00:10 Amandine Bégaud, vous recevez donc ce matin la navigatrice Clarisse Crémer.
00:14 Bonjour Clarisse Crémer.
00:15 Bonjour à vous.
00:17 Et merci beaucoup d'être en direct avec nous depuis l'Orient.
00:20 Vous êtes, je le rappelle, la révélation du dernier Vendée Globe en 2020,
00:24 puisque vous avez déterminé 12e,
00:26 vous avez même signé la meilleure performance féminine de toute l'histoire de cette course en bouclant ce Vendée Globe en 87 jours,
00:33 2h24 et pourtant, pourtant, vous avez bien failli ne pas pouvoir prendre le départ du prochain en 2024,
00:39 faute de sponsor, en février dernier, Banque Populaire.
00:42 Votre sponsor jusque-là décide en effet de se passer de vous,
00:46 moins de 3 mois après votre accouchement, on en avait beaucoup parlé.
00:50 Clarisse Crémer, c'est à cause de ça, à cause de votre maternité que vous avez été évincée ?

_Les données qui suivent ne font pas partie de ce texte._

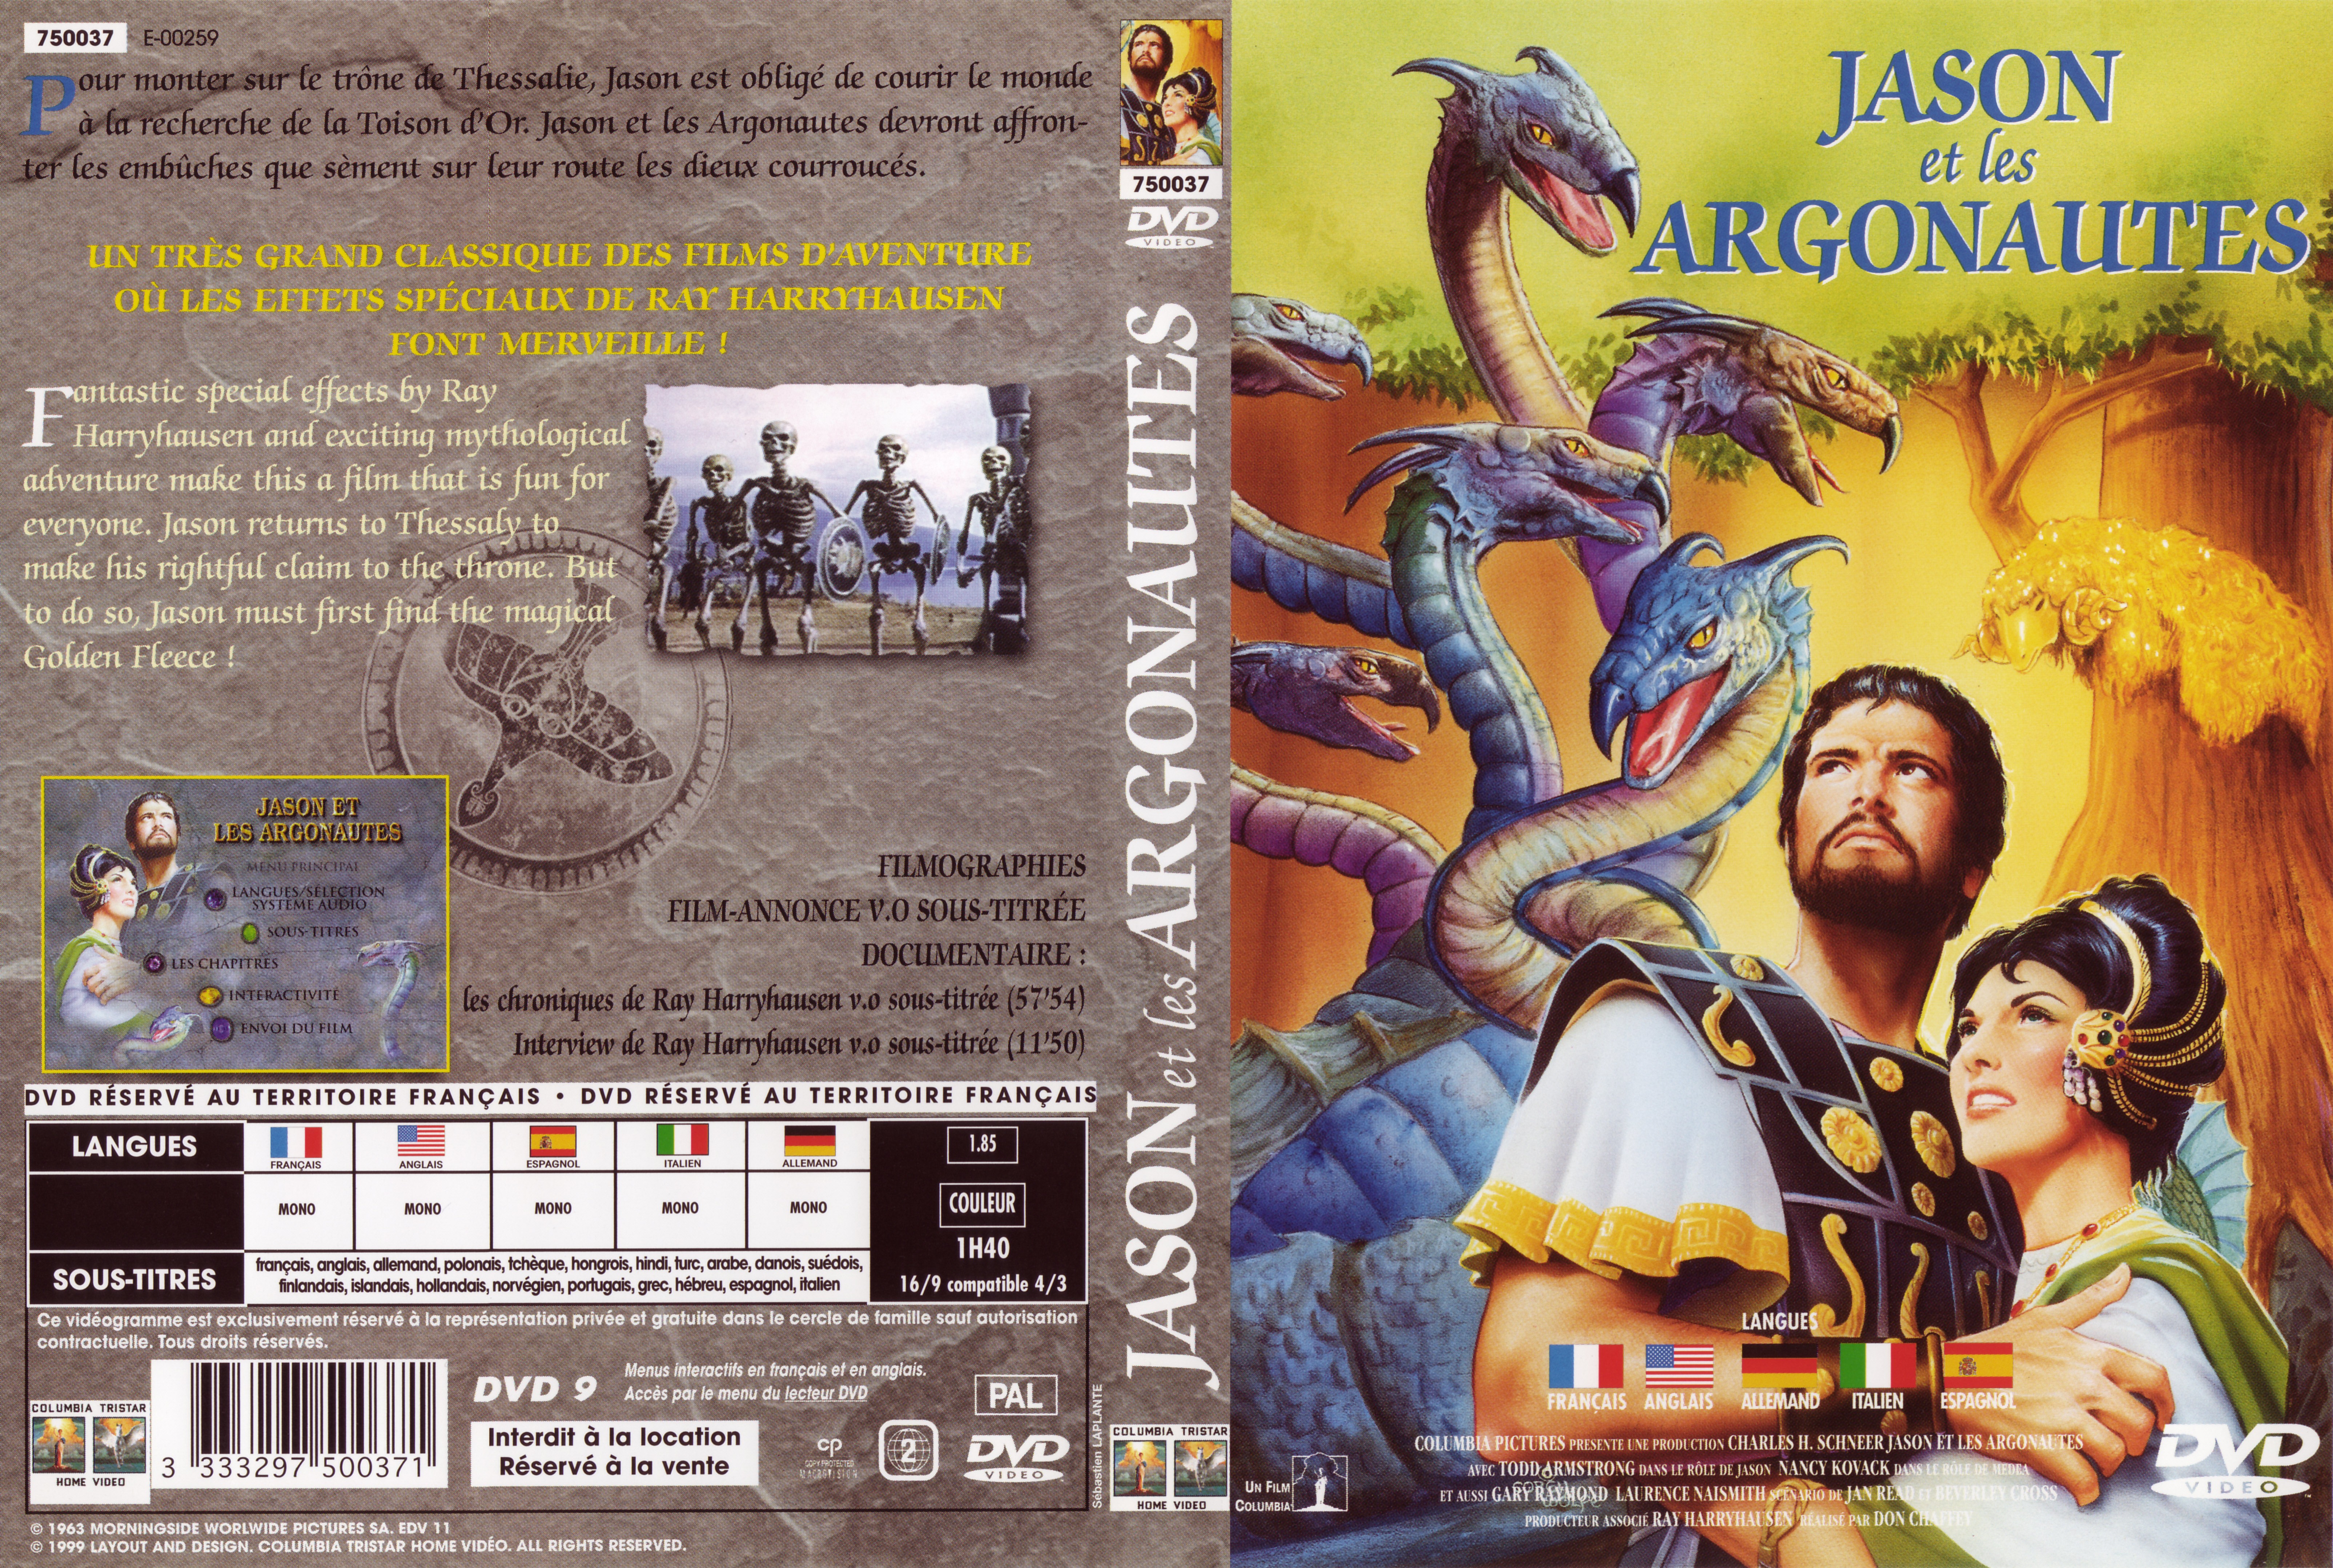 Jaquette DVD Jason et les argonautes

00:55 Oui, alors c'est un petit peu plus compliqué que ça.
00:57 C'est les règles de sélection pour le Vendée Globe qui ont fait dire à mon ancien sponsor que je représentais un risque un peu trop important.

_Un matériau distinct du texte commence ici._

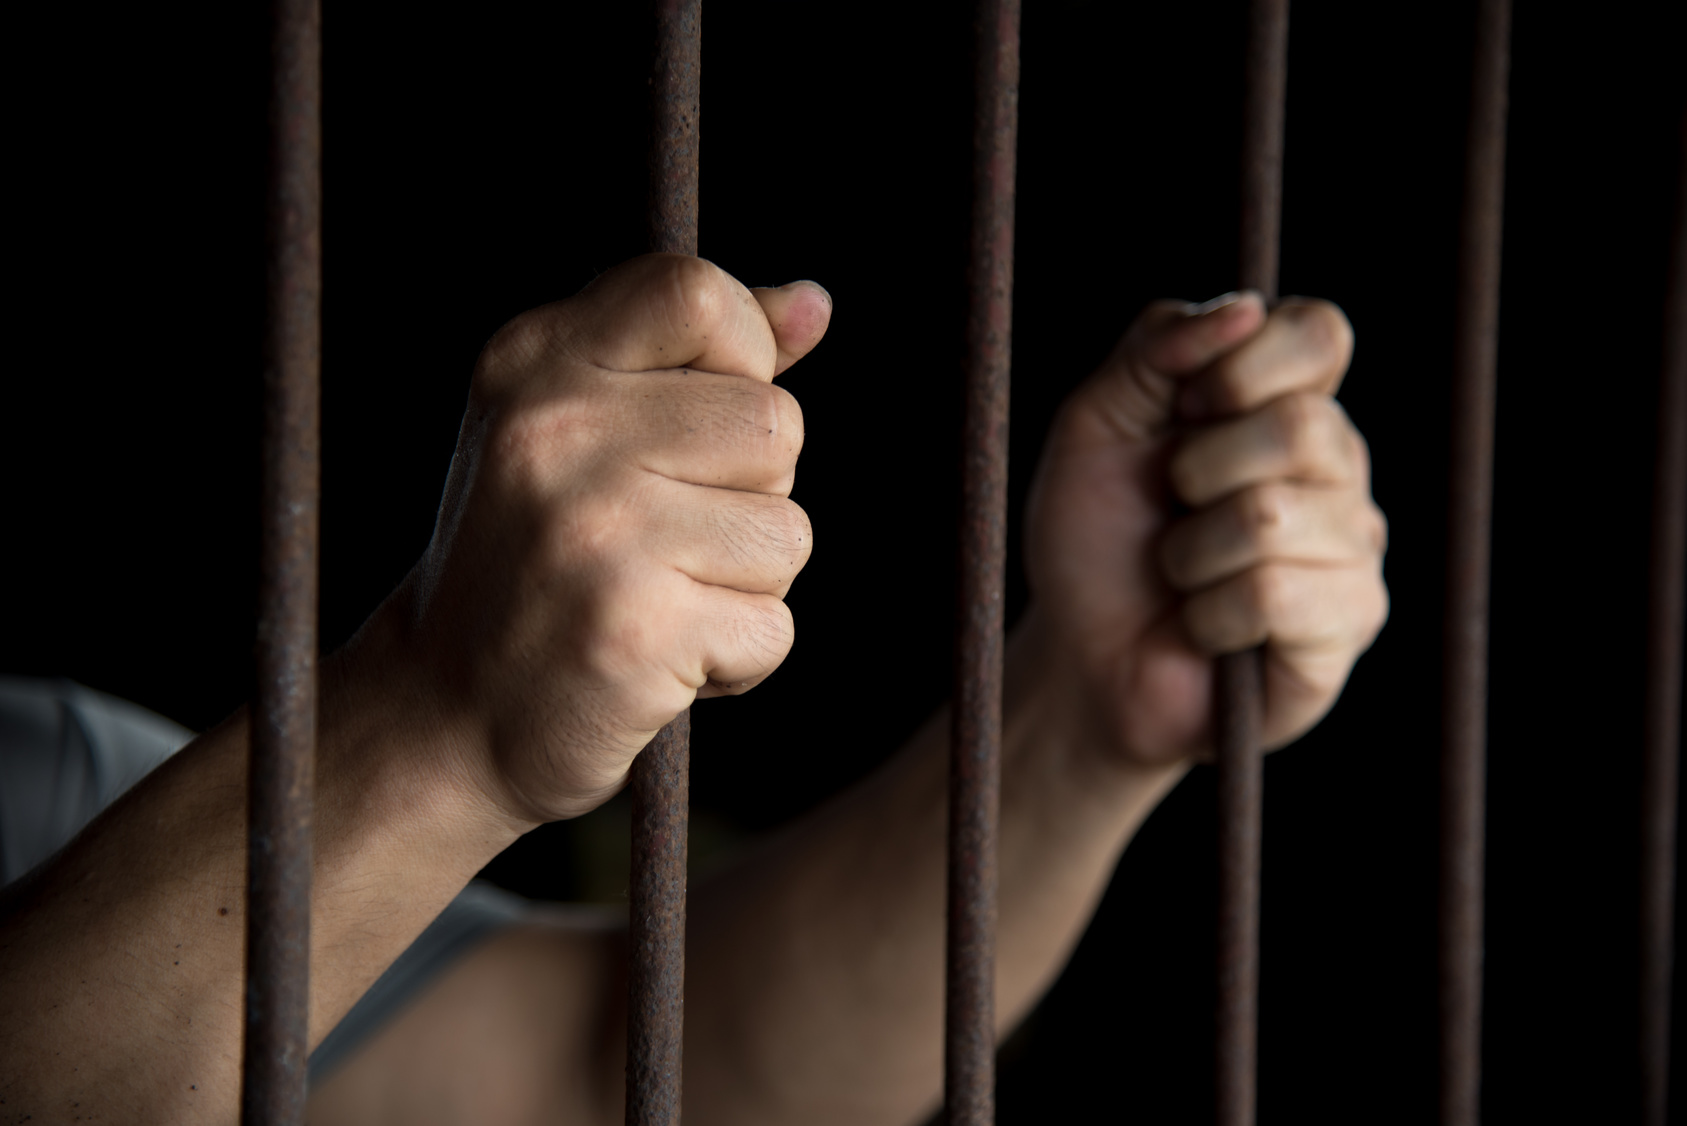 Sexkannibale möchte im Gefängnis heiraten

01:04 Et voilà, ils ont préféré me remplacer parce que, effectivement, je n'avais pas pu faire les courses
01:10 et donc je n'étais pas assez avancée dans le processus de sélection.

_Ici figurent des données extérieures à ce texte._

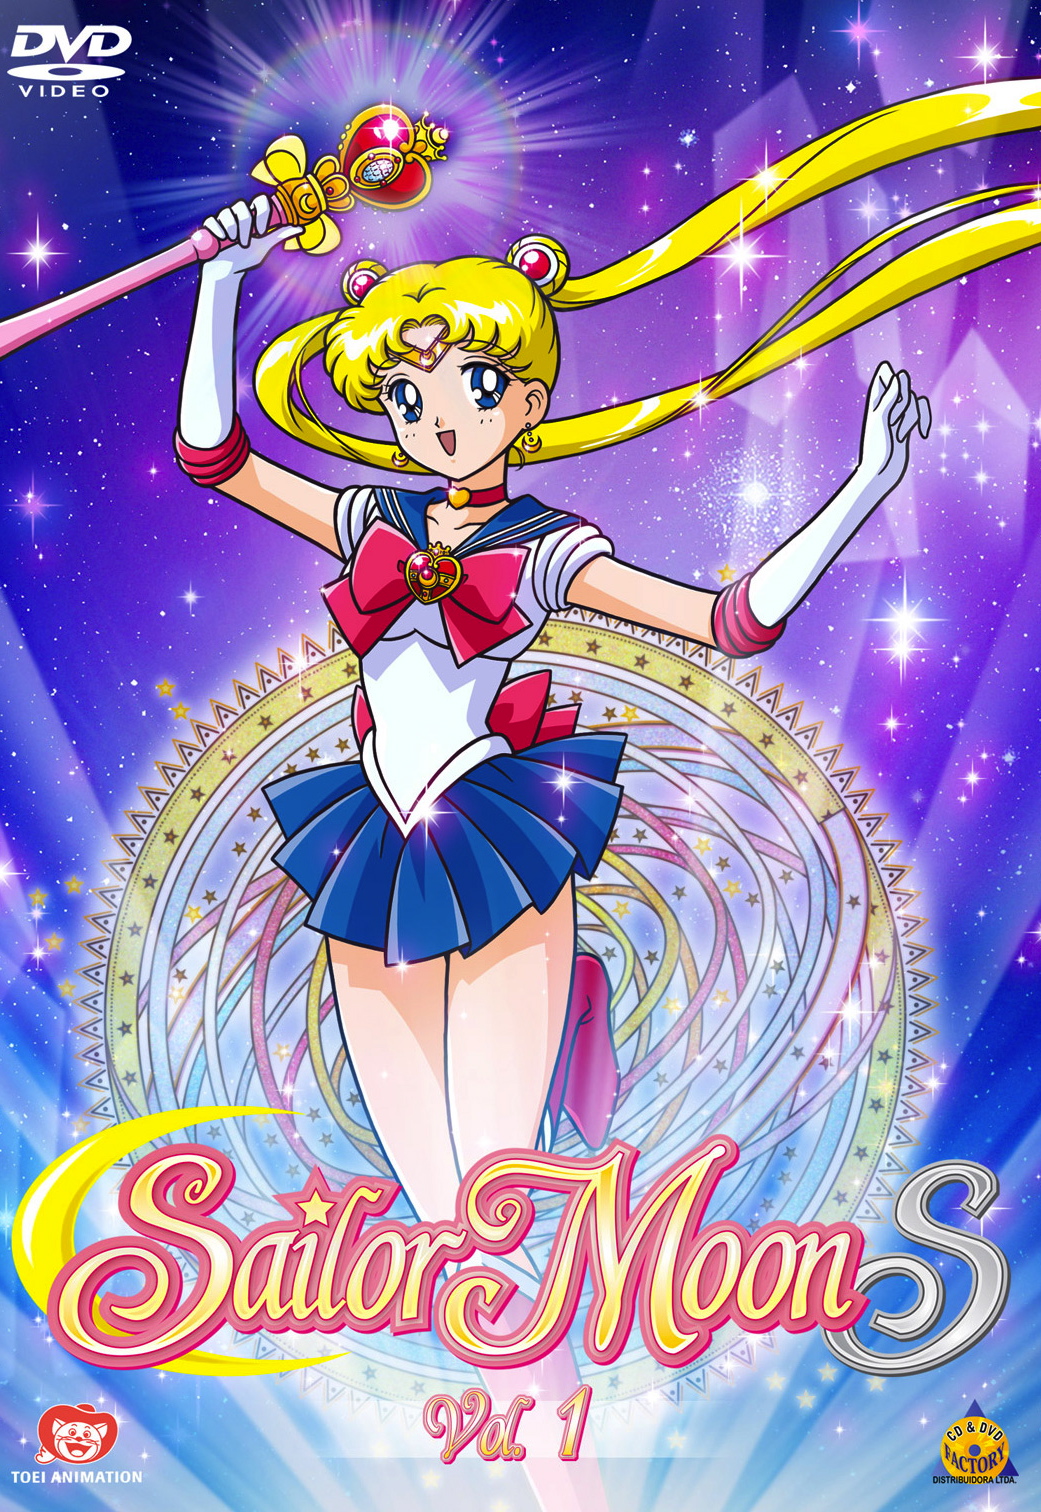 Initial D Brasil 頭文字D - (Brazil only) E na dublagem BR teremos nossa  Sayuki, Denise Reis, retornando ao papel icônico de Sailor Mars (ou Sailor  Marte) nos novos filmes de Sailor Moon

01:14 Voilà, il faut rappeler que dans ce nouveau règlement du Vendée Globe,
01:17 il faut, pour participer, cumuler le plus de miles possible pendant 4 ans.
01:22 Vous étiez en colère contre qui ? On se souvient de ce gros coup de gueule que vous aviez poussé à l'époque en février.
01:28 Ils sont prêts à assumer des risques mais pas celui de la maternité, aviez-vous dit.
01:32 Vous étiez en colère contre qui ? Contre Banque Populaire ou contre l'organisation du Vendée Globe ?
01:36 À l'époque, un peu des deux.
01:39 C'est vrai que c'est difficile à accepter quand c'est notre métier et notre passion
01:44 de devoir que la maternité puisse représenter un si gros impact au milieu de notre carrière.
01:52 Après, aujourd'hui, je suis quand même contente de voir que le débat a pu avancer,
01:57 que ça permet de faire avancer les choses et notamment dans mon milieu de la course large,
02:01 les gens osent plus parler du sujet de la maternité.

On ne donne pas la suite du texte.